━━━━━ Source data ━━━━━

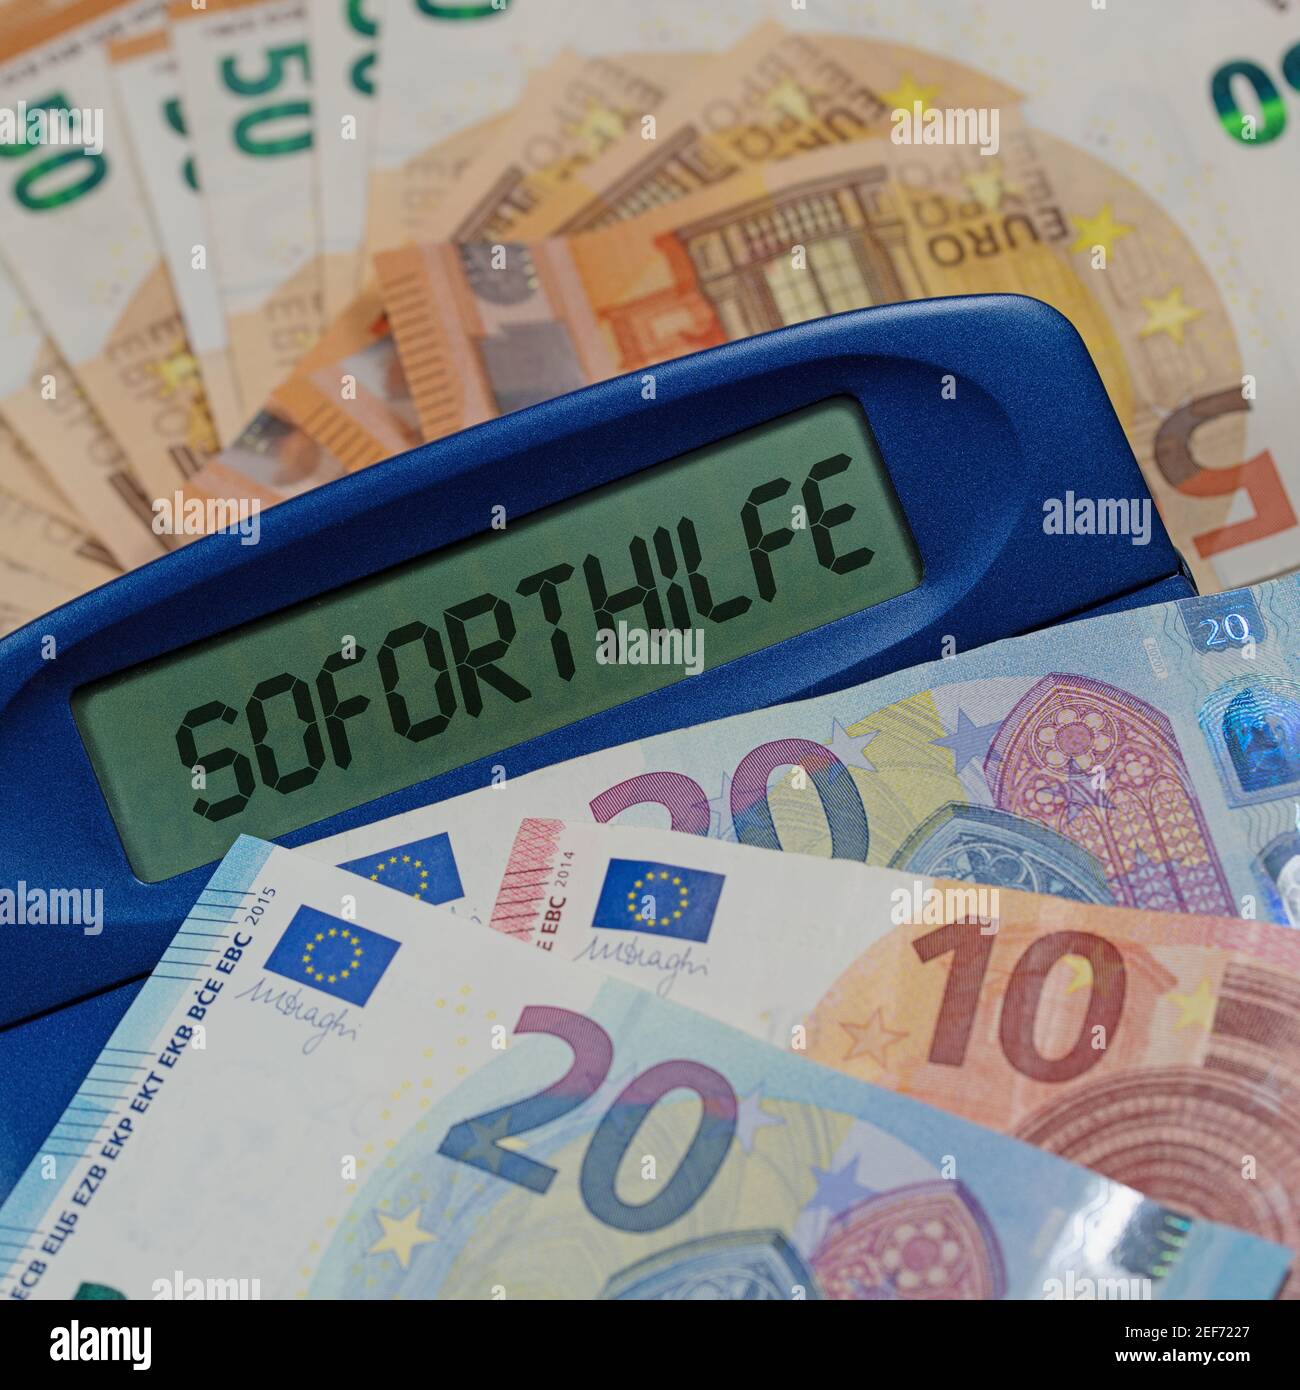 Calculatrice avec le mot 'sodirectt', translation'aide immédiate', à l'écran Banque D'Images
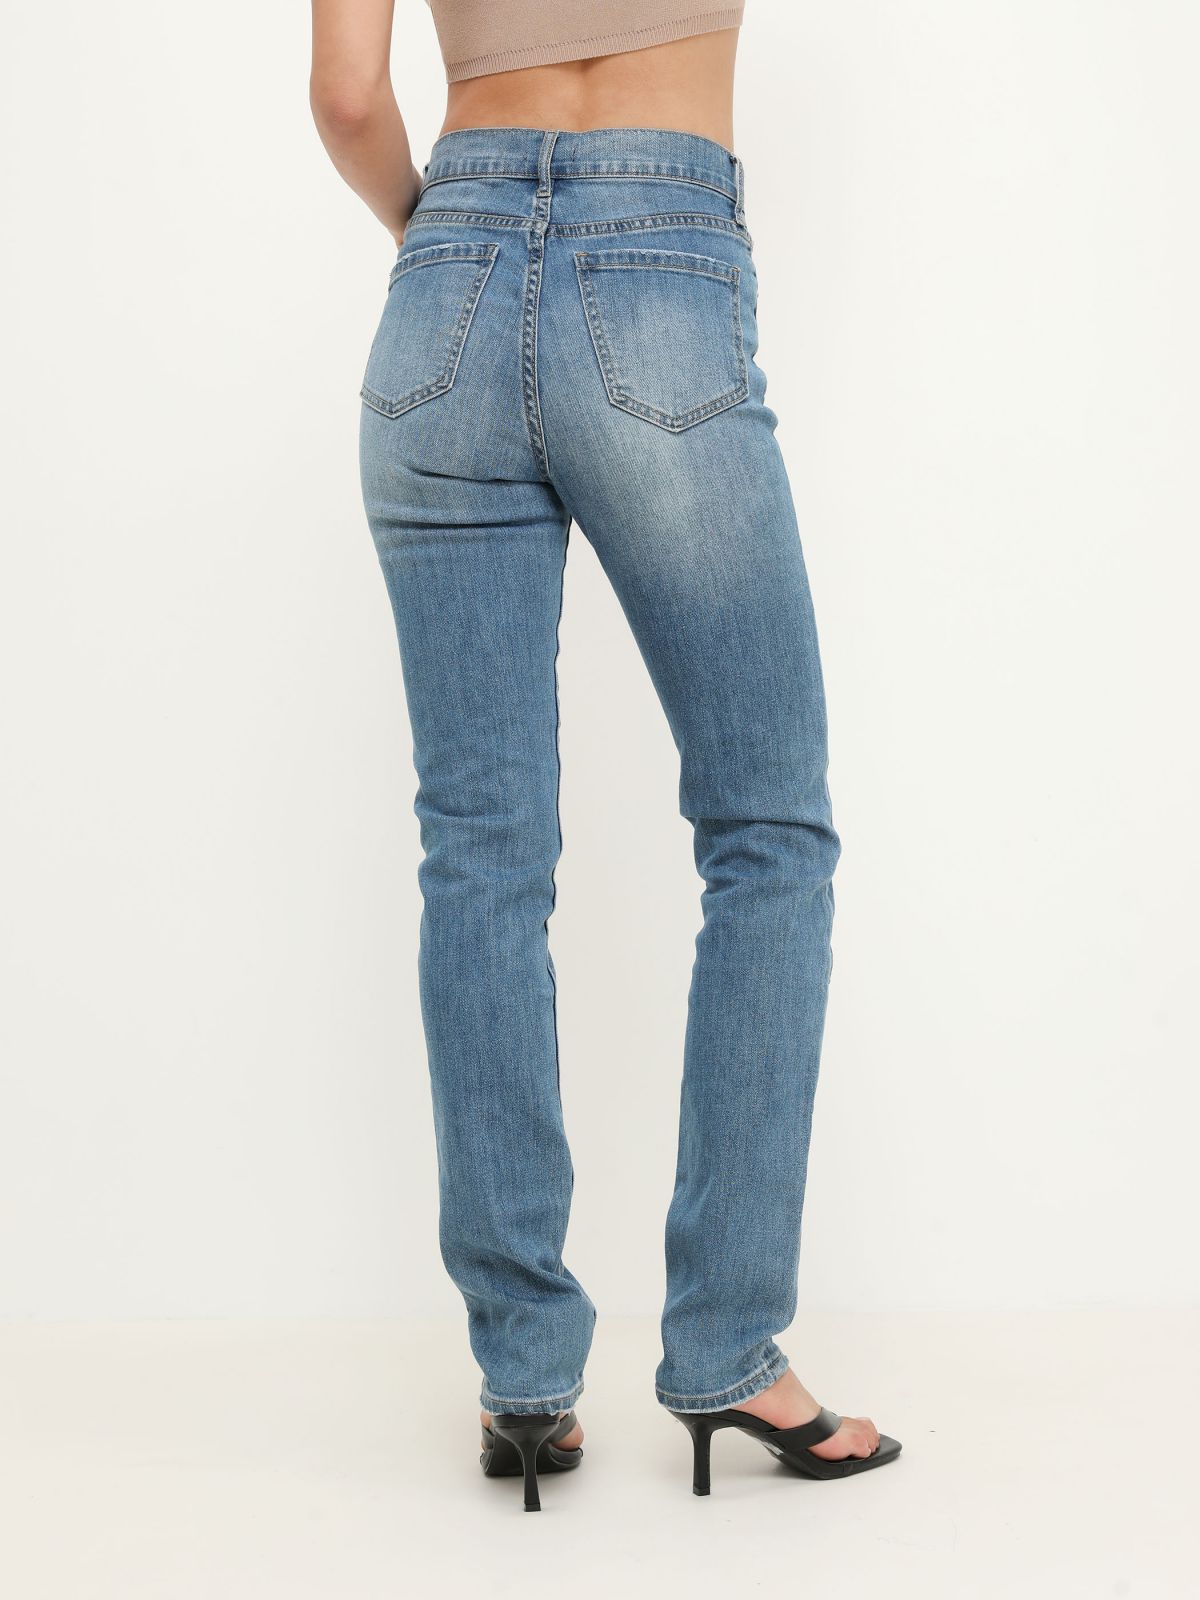  ג'ינס גבוה בשטיפה בהירה של TERMINAL X
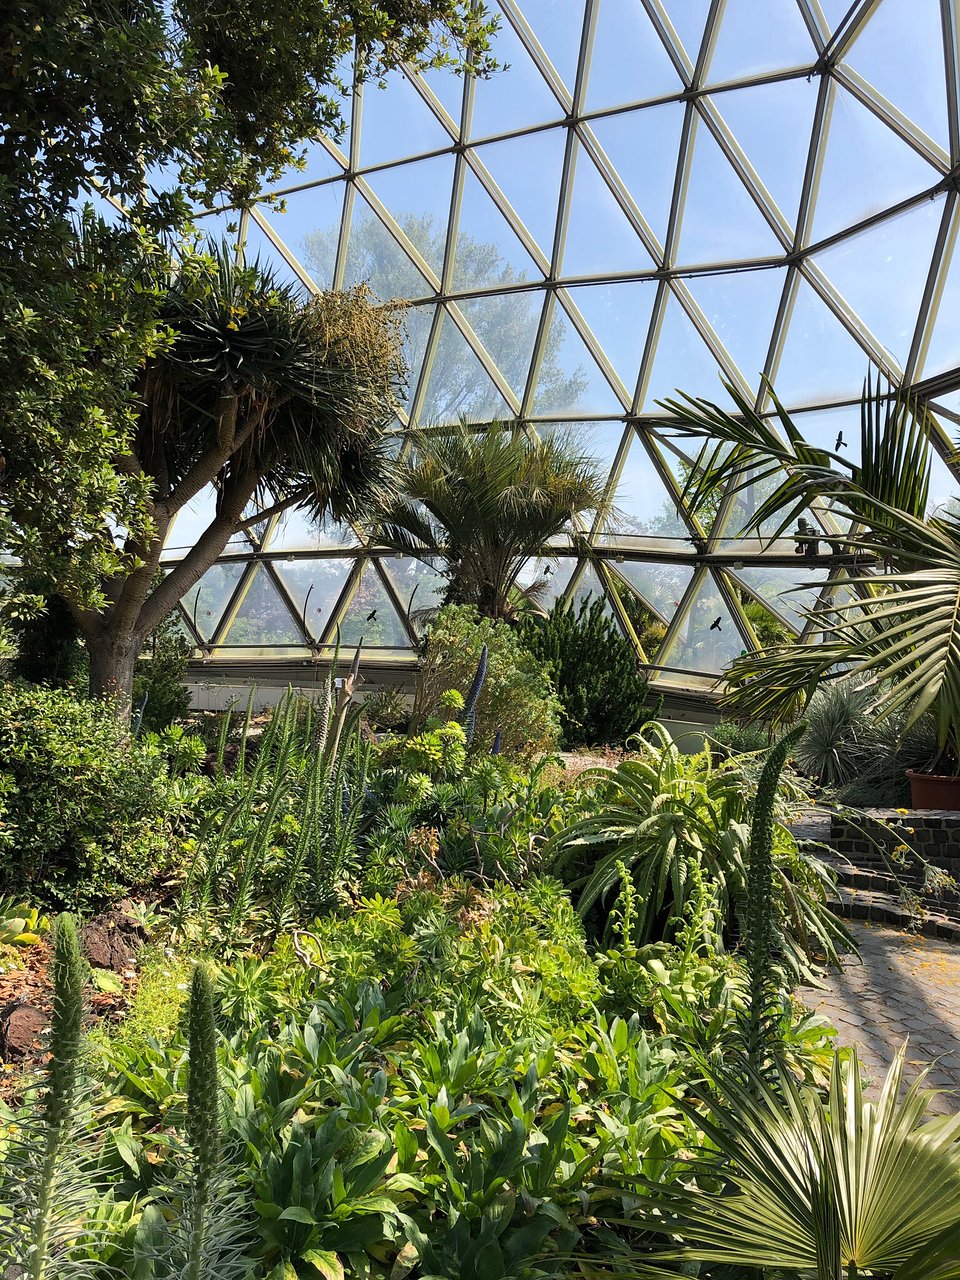 Botanischer Garten solingen Inspirierend Botanical Garden Dusseldorf 2020 All You Need to Know

━━━━━

Would you mind transcribing the material exactly, without the pictures?

 Calculatrice avec le mot 'sodirectt', translation'aide immédiate', à l'écran Banque D'Images
  ג'ינס גבוה בשטיפה בהירה של TERMINAL X
 Botanischer Garten solingen Inspirierend Botanical Garden Dusseldorf 2020 All You Need to Know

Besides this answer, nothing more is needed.